Knowledge and memory

Corbin asked:

How can you lose and forget knowledge once you obtain that knowledge aren’t our minds sources of information and context that we always remember in the brain?

Answer by Jürgen Lawrenz

Your question smacks of too much faith in schematics. Biological memory isn’t flowcharting signals along a series of logic gates and fixed memory cells. Also, what the word ‘mind’ refers to, is still an issue of much contention among experts, so that any question on its capacity remains educated guesswork at best.

Nevertheless we have enough knowledge to answer the first part of your question. Memory cells are biological entities, which means they can become tired, sick or maimed like all living things. Moreover they die at an alarming rate and are never replaced by new cells. Therefore remembering knowledge or anything else relies heavily on the overall health of the brain and its ability to redistribute remembered items from one branch to another when fatalities occur. Forgetting results from severed connections among cells that hold coordinated information, but also from lack of reinforcement (knowledge never refreshed) and re-stacking priorities (old memories slipping down as new memories are added).

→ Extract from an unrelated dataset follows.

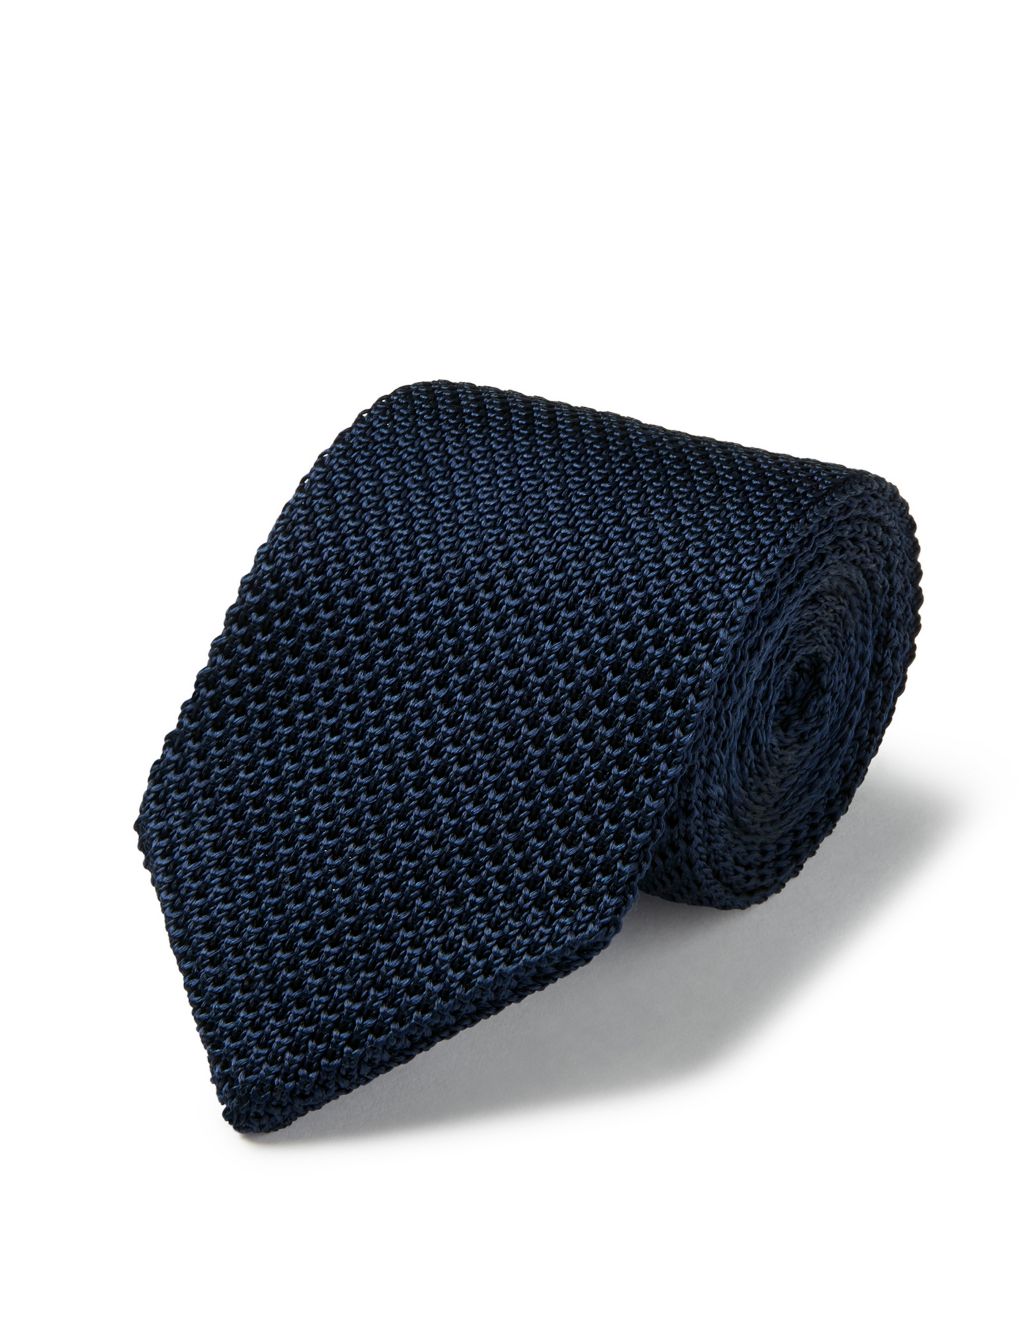 Slim Textured Pure Silk Knitted Tie
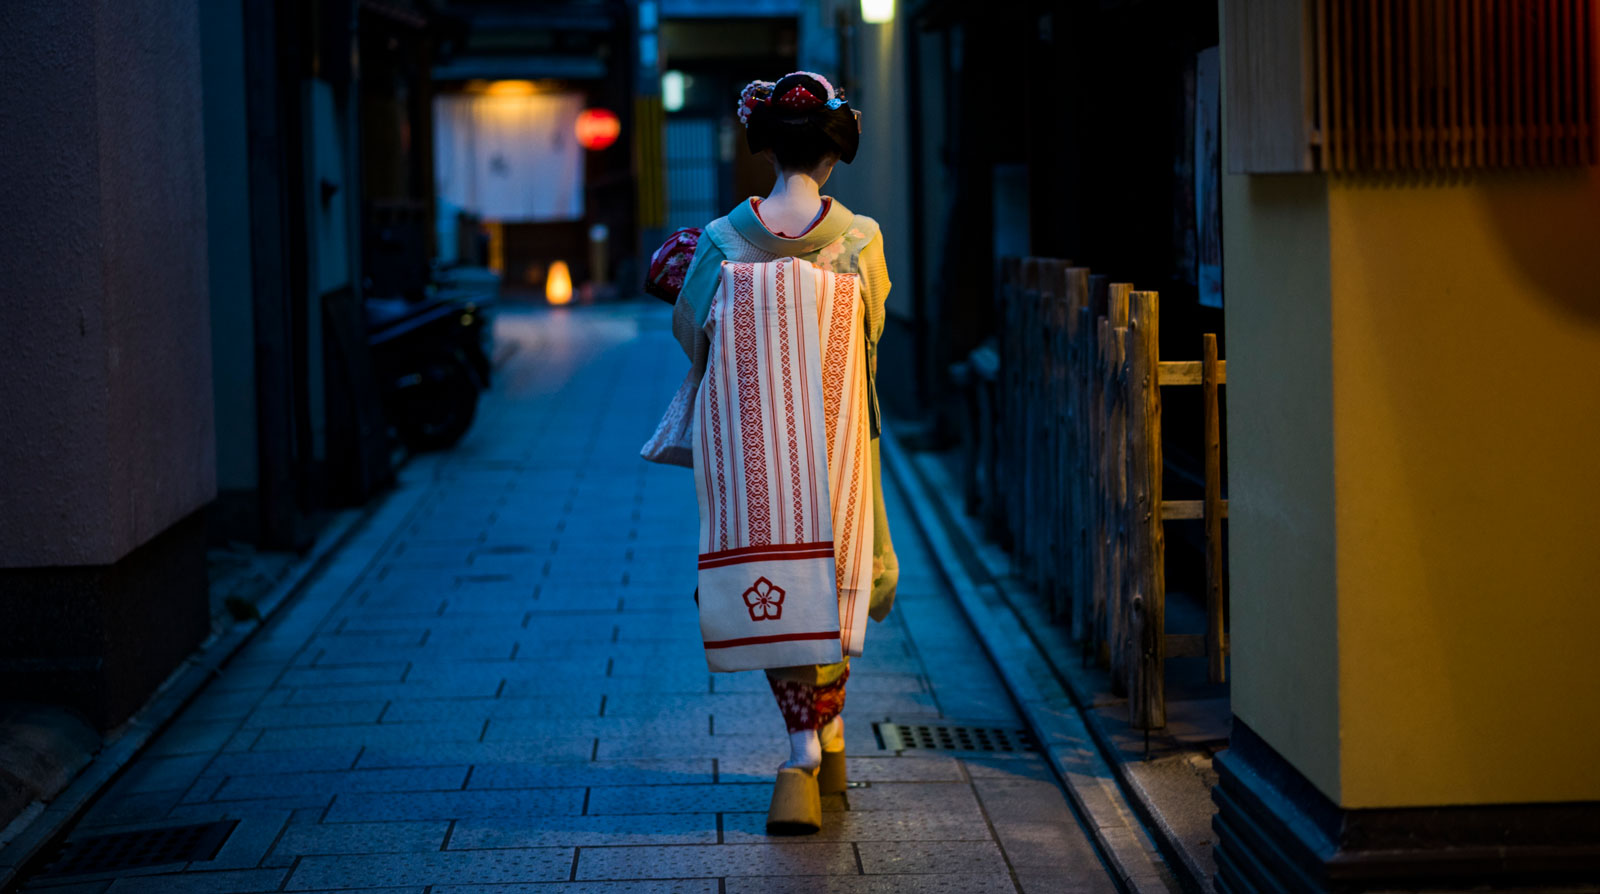 geisha o maiko de espaldas paseando por una calle a oscuras

Apart from this, you should be aware that biological brains are not CPUs either. Neurons are scattered all over your body; and the memories they hold are to a significant degree autonomous — on the pretty sound principle that the brain should not be overloaded with information that is useless to it, as the organs in question are perfectly equipped to look after themselves. For example, athletes and performing musicians are engaged non-stop with training their body parts to perform without interference from the conscious brain.

In sum: A living body system is a great deal more complex than your question supposes, and the above should suffice to warn you that overstressing the brain’s capacities is apt to end in a lopsided viewpoint. After all, the bodies of severely brain-damaged people can still continue to function autonomously due to what is called ‘high redundancy’ in the business and ‘coping’ in ordinary parlance.